В политическом, в высшей степени коммодитизированном общении языки и символы следуют той же матрице. Так обстоит дело с избирательными процессами, когда многие политические деятели следуют дискурсивным моделям, основанным на методах когнитивной войны, с целью модулировать восприятие общественного мнения и расширять свое голосование: “Речь идет о коммуникативных ресурсах, направленных на достижение когнитивного превосходства над оппонентами, обращаясь к культурным представлениям которых, преследуется когнитивный захват масс” (Де Моргни, 2024).
Точно так же, если изображение стоит тысячи слов, то изображение президентов, таких как Милей или Нобоа, одетых в военную форму, чтобы сопровождать глав корпораций в районы стратегических ресурсов, таких как литий или нефть, передает идею о том, что эти ресурсы принадлежат не народу, а частной собственности и вооруженным силам, но не народным, которые определены как коррумпированные и бесполезные, а силам Южного командования США или наемников израильских компаний, которые были обучены уничтожать любого, кто осмелится сопротивляться корпоративному или индивидуальному присвоению всего.
Это грубые образы и символы, коммуникативно представленные как смелые поступки и даже как поступки мужчин, которые умеют принимать жесткие решения, например, смириться с безработицей или позволить умереть от голода, преследуя более высокой цели: заработка немногих. Эти подмастерья фашистов, которые, маскируясь под G.I.Joe, демонстрируют подчинение своим корпоративным боссам с помощью визуальных и дискурсивных приемов подчинения власти, затем обрушивают на свои народы большие дозы авторитаризма.

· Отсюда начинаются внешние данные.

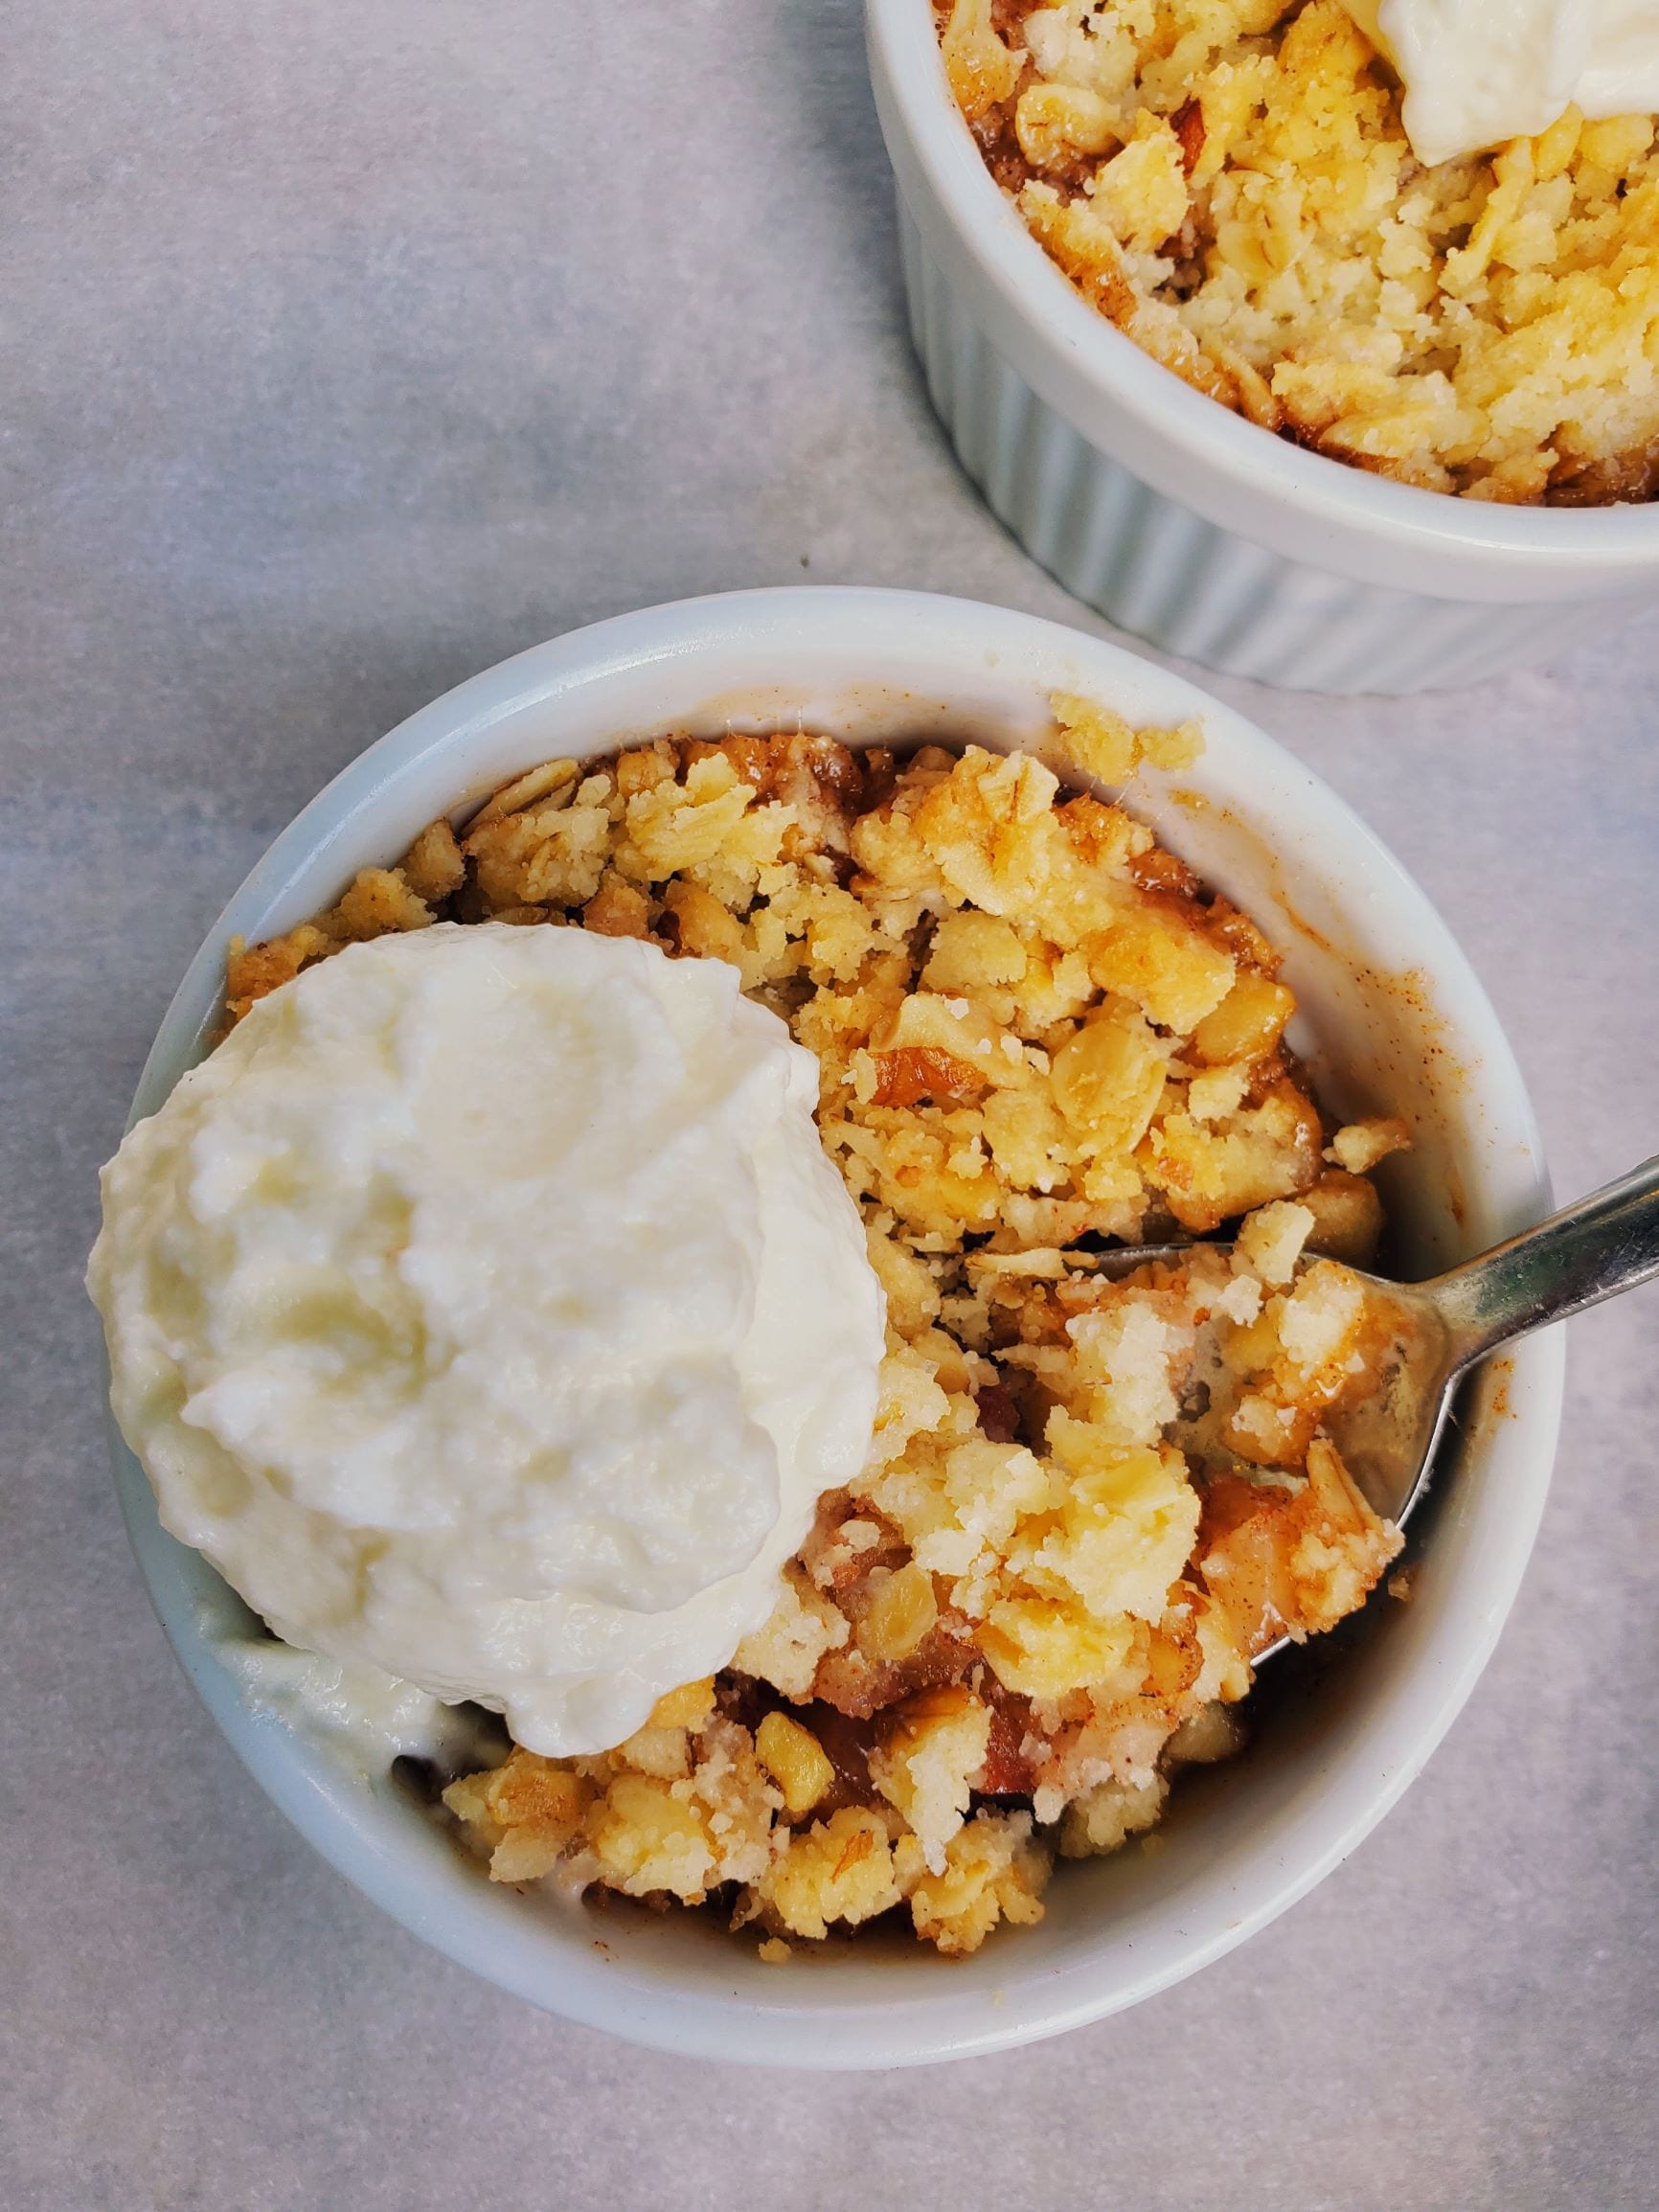 https://www.amysnutritionkitchen.com/wp-content/uploads/2021/05/Apple-Crumble-For-Two-Snapseed-WordPress-picture.jpeg

Главный вопрос заключается в следующем: почему народы, пострадавшие от социально-экономической и человеческой жестокости, причиняемой этими субъектами капитала, продолжают оказывать им поддержку, вплоть до того, что отмечают тенденцию роста ультраправых? По словам Маурицио Лаццарато, неокапитализм затрагивает корни существования, делает больше, чем требует подчинения или послушания, формирует и модулирует субъективность и жизнь людей.
Кроме того, часть ответа может быть получена в ходе исследования феномена когнитивной войны, цель которой состоит в том, чтобы атаковать мозг, изменять его представления, изменять поведение людей, пока они не окажутся неспособными принимать решения, действовать и думать самостоятельно. И даже “стремится к тому, чтобы враг уничтожил себя с самого начала внутри” (Клавери и Клюзл, 2023).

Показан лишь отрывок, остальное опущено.